米ドルの強気トレンドは限定的、ECBタカ派維持でユーロ上昇

金曜日の好調なPMI発表後もFRBの金利予測に変化がなかったことから、米ドルは若干下落しました。年内の利下げの可能性は低いとのFRBのメッセージを市場は徐々に受け入れているようで、ECBなどの他の中央銀行によるタカ派発言とともに、米ドルの強気トレンドを妨げているようです。

ECBのラガルド総裁は、金曜日にさらなる利上げの必要性を繰り返し、オランダ中銀のノット総裁も引き締めサイクルが夏まで続く可能性を示唆しました。

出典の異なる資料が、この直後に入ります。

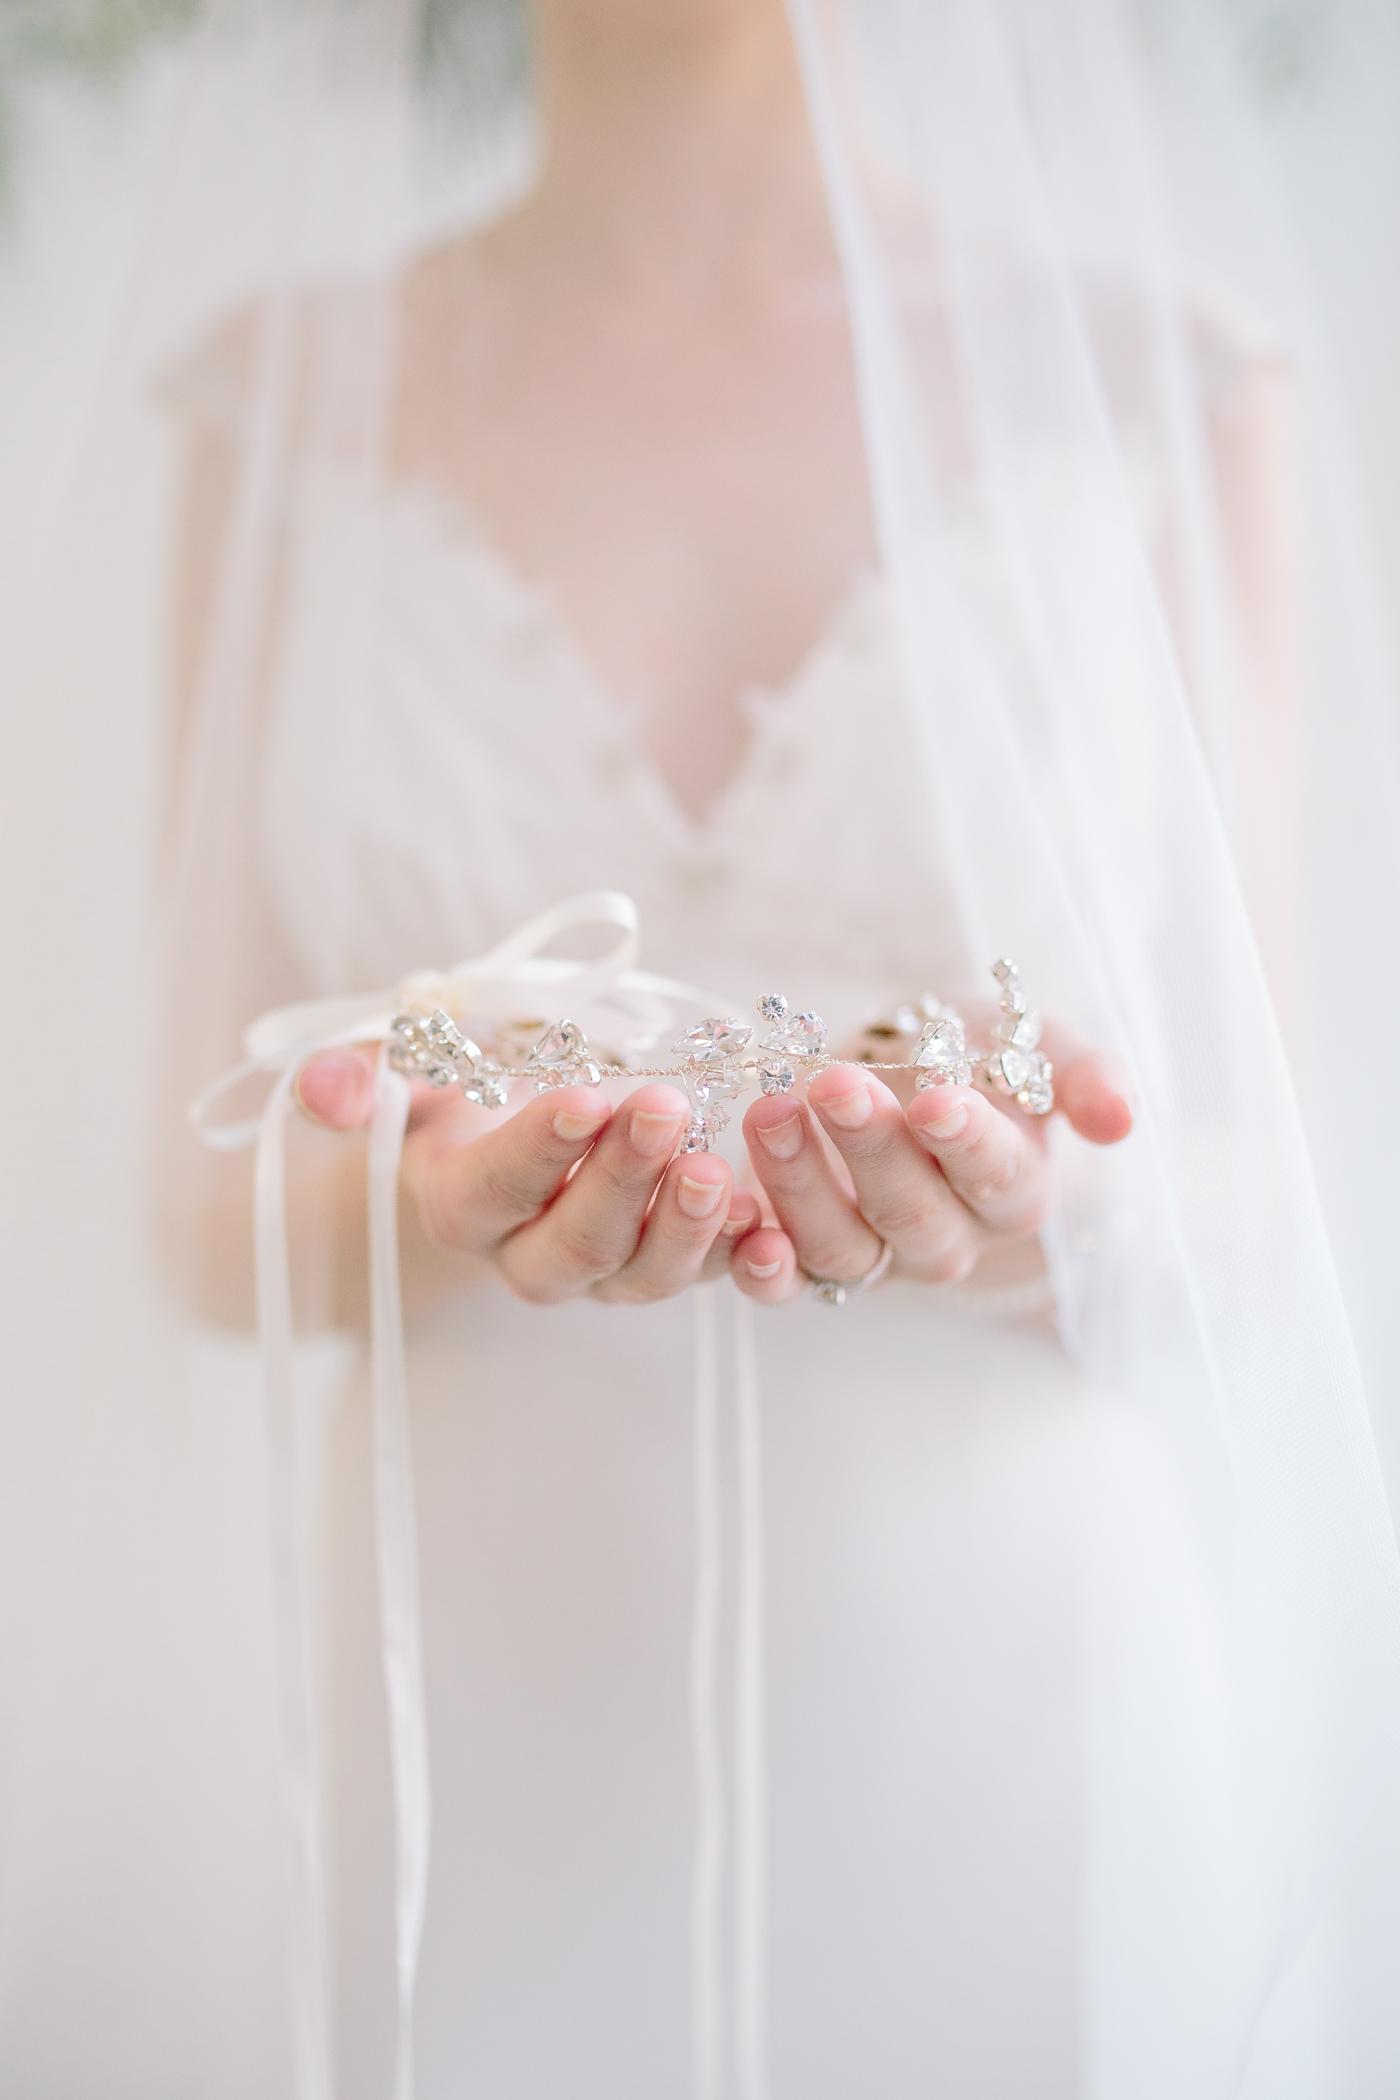 suzanne_li_photography_susan_dick_bridal_accessories-7.jpg

ユーロ圏のPMI指数は、4月に予想以上に上昇しましたが、同時に製造業の落ち込みも浮き彫りになりました。イギリスのPMI数値も好調でしたが、ECBのタカ派姿勢から、ユーロはポンドよりも勢いを増しているようです。

ユーロ/ドルは本日、1.10ドル台、ポンド/ドルは1.2450ドル前後と小幅上昇しています。

金曜日に日銀政策決定

今週は、木曜日に米GDP速報値、金曜日にユーロ圏GDPと米PCEインフレ測定値など、重要なデータが続きます。FRBとECBは来週に政策会合が行われるため、これらのデータは政策決定に重要な役割を果たすかもしれません。

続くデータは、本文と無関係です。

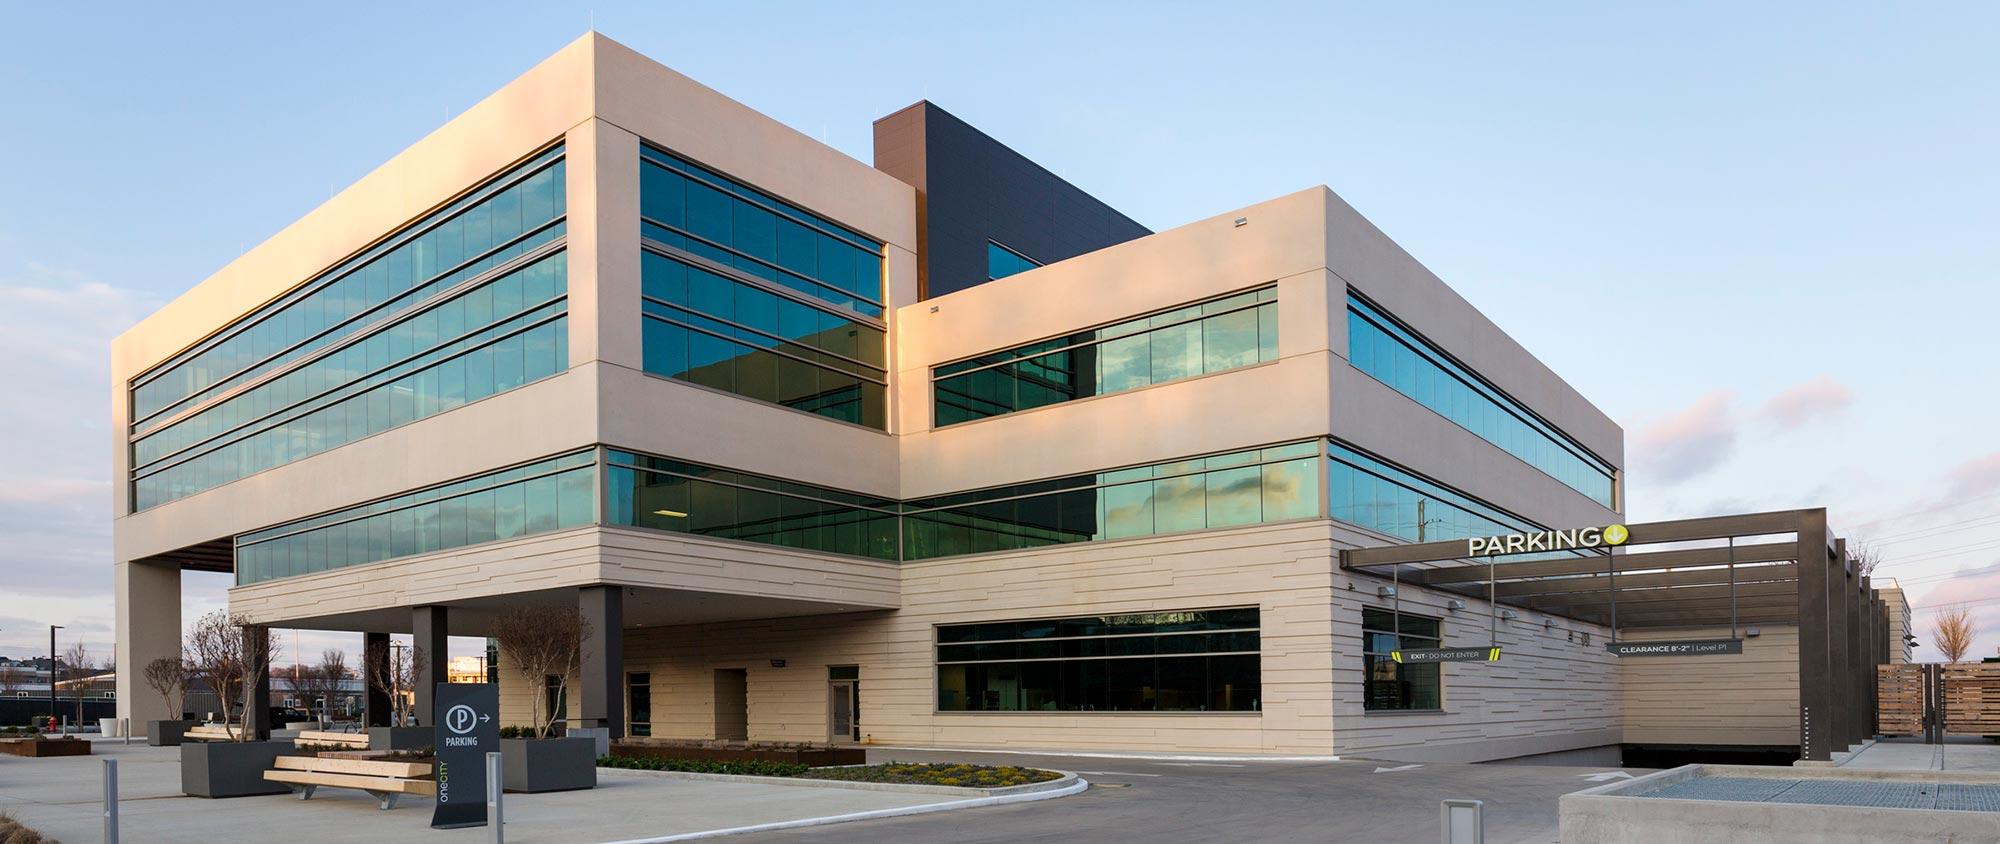 8 C1TY BLVD Medical Office Building

また、今週の金曜日には、日銀の植田新総裁による初めての政策決定が予定されています。しかし、植田新総裁は、当面の間、政策緩和を継続すると述べているため、今週の発表にはサプライズは用意されておらず、今年後半の政策決定で何らかの政策修正が予定されていると見られています。

日銀による政策調整の期待が低下する中、日本円は本日、米ドルに対して若干圧力を受けており、円安傾向は継続するでしょう。

今週は大手ハイテク決算報告が続く

金曜日の米株式市場の静かなセッション後、本日米先物が下落しているため、欧州株式市場も下落しています。しかし、明日のマイクロソフトとアルファベット、および木曜日のアマゾンと大手ハイテク社の決算報告が続くため、今週は市場に活気が戻って来るでしょう。

これら大手ハイテク社は、いずれもクラウドユニットによる好調な成績から恩恵を受ける可能性がありますが、市場は各社のAI戦略についてもっと興味があるはずです。